**What to produce:** Go through the entries below and print, exactly, the lines starting at the one with "REPAIR 19.Connect crankshaft" and ending at the one with "20.Connect fuel hos", keeping both ends and no others.

**Input data:**

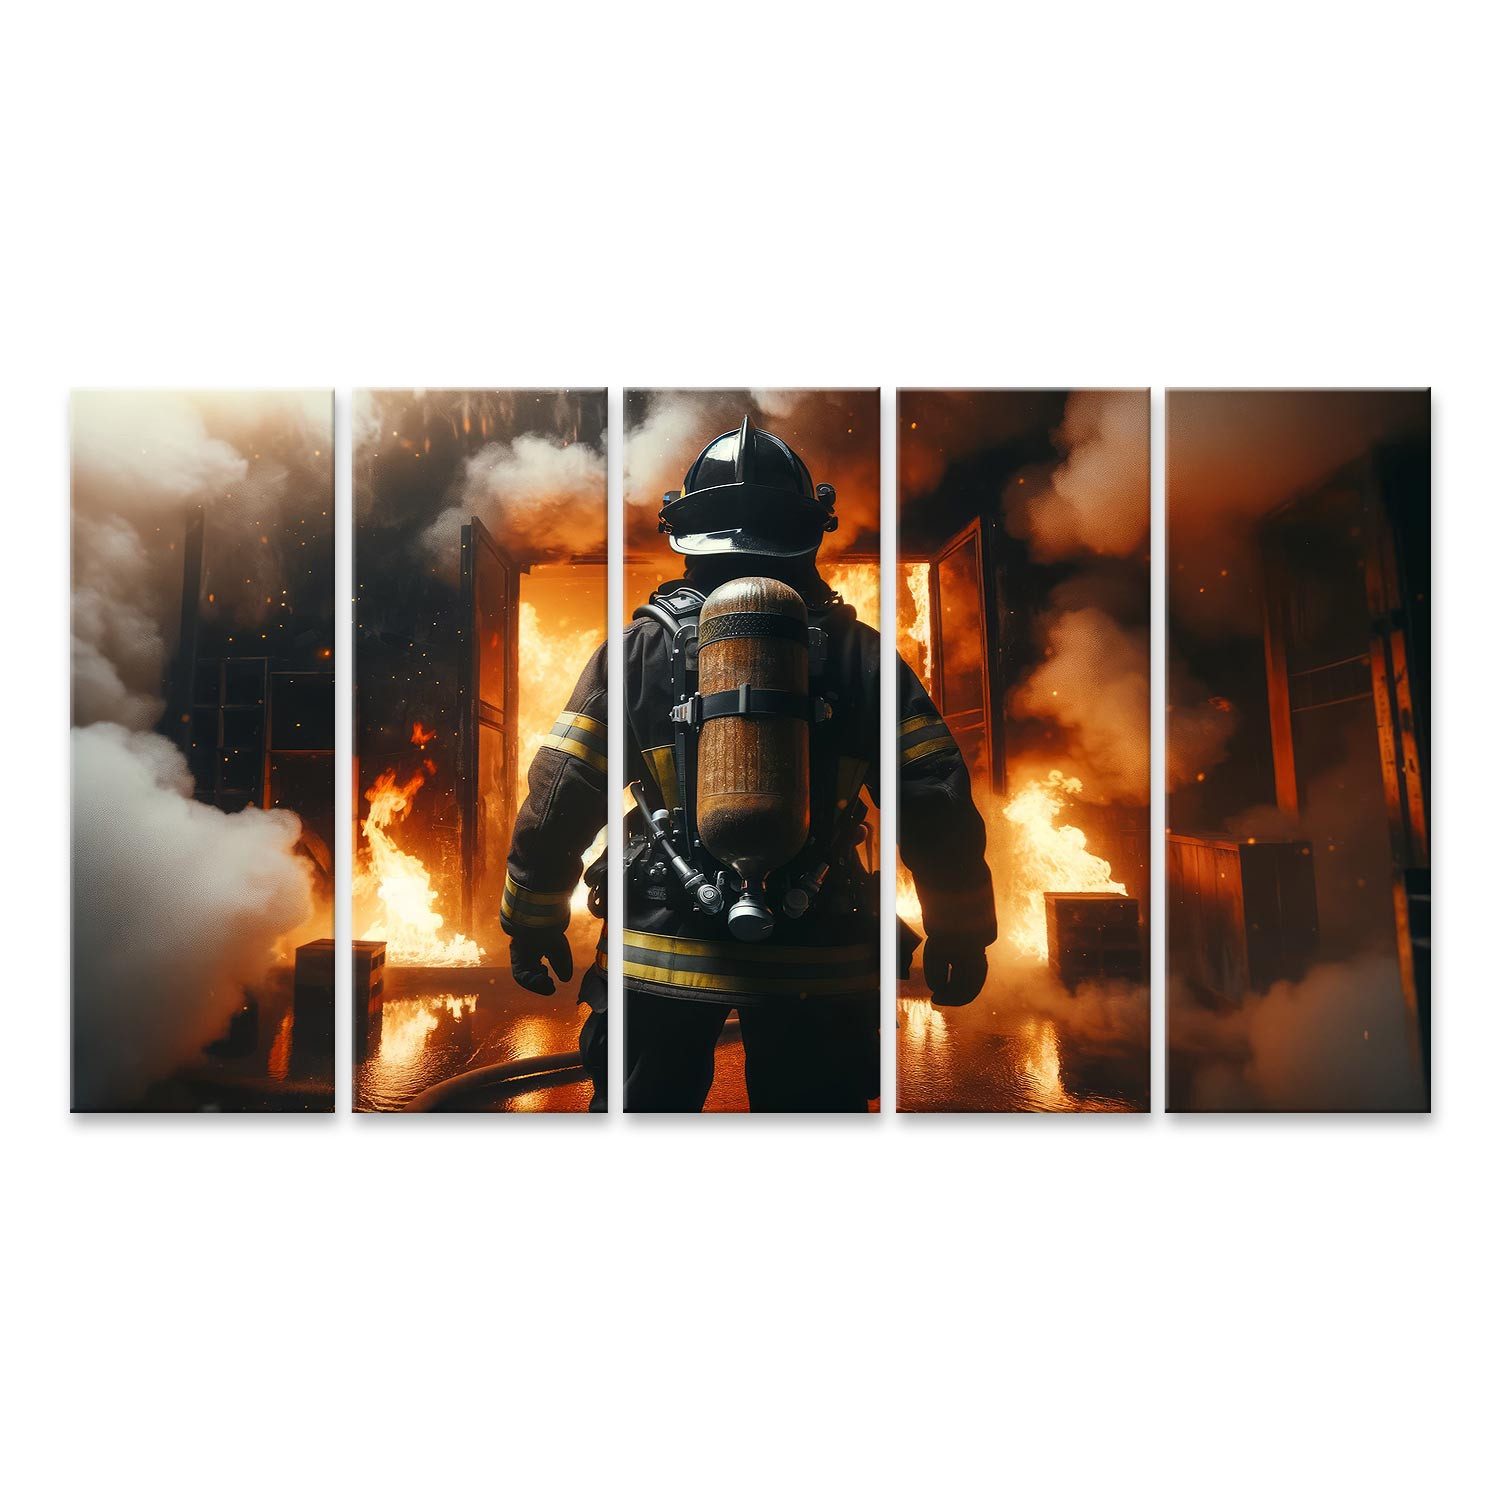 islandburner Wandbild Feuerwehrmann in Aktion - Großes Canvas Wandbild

...

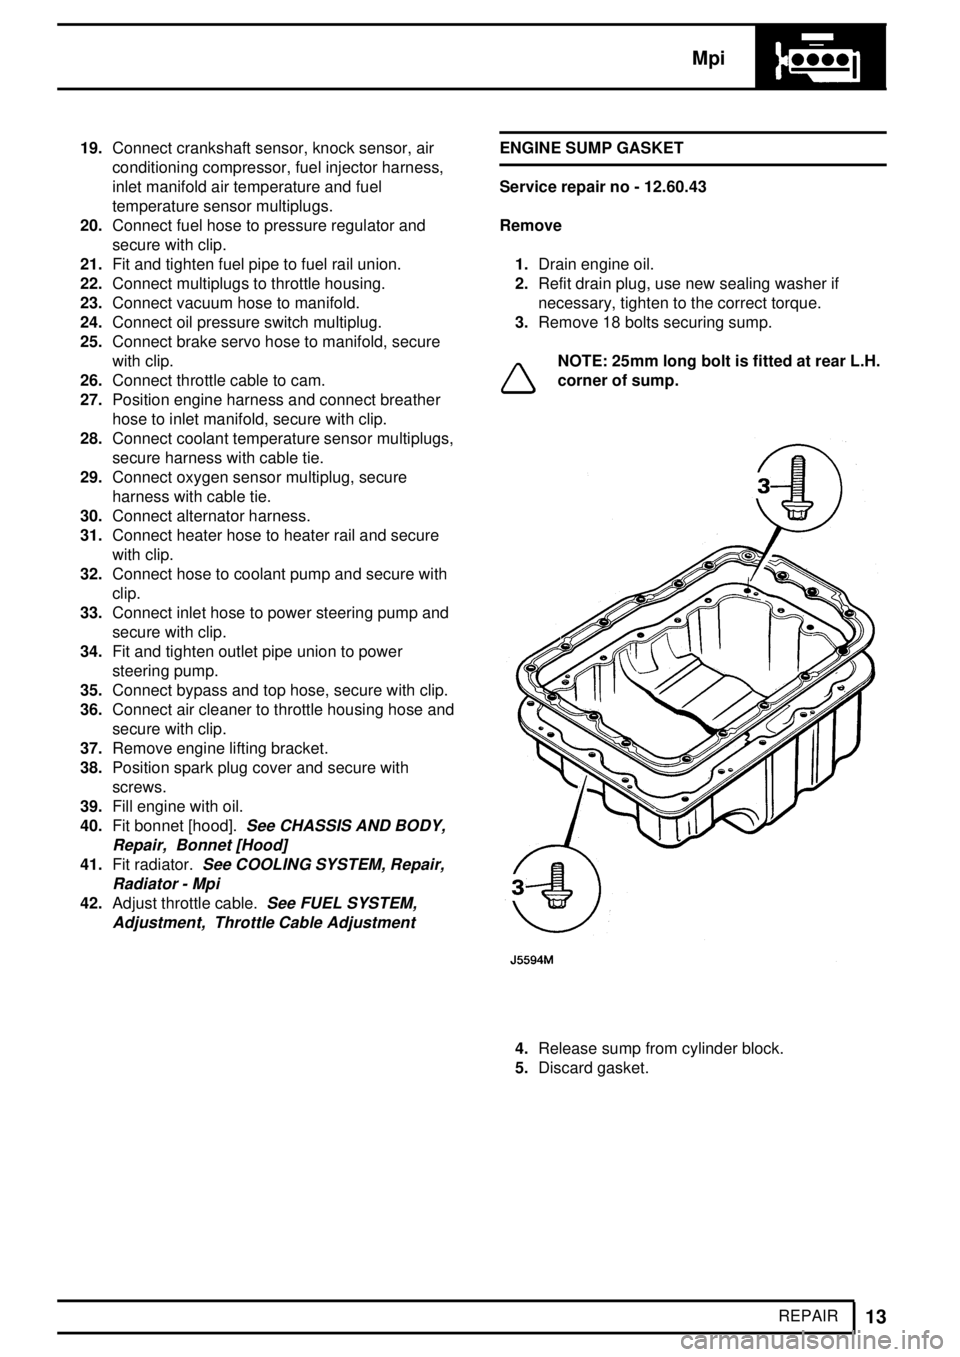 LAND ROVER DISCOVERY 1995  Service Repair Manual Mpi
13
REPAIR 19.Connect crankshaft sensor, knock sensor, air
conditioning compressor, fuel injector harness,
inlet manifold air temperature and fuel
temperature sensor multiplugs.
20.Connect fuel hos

**Response below:**
REPAIR 19.Connect crankshaft sensor, knock sensor, air
conditioning compressor, fuel injector harness,
inlet manifold air temperature and fuel
temperature sensor multiplugs.
20.Connect fuel hos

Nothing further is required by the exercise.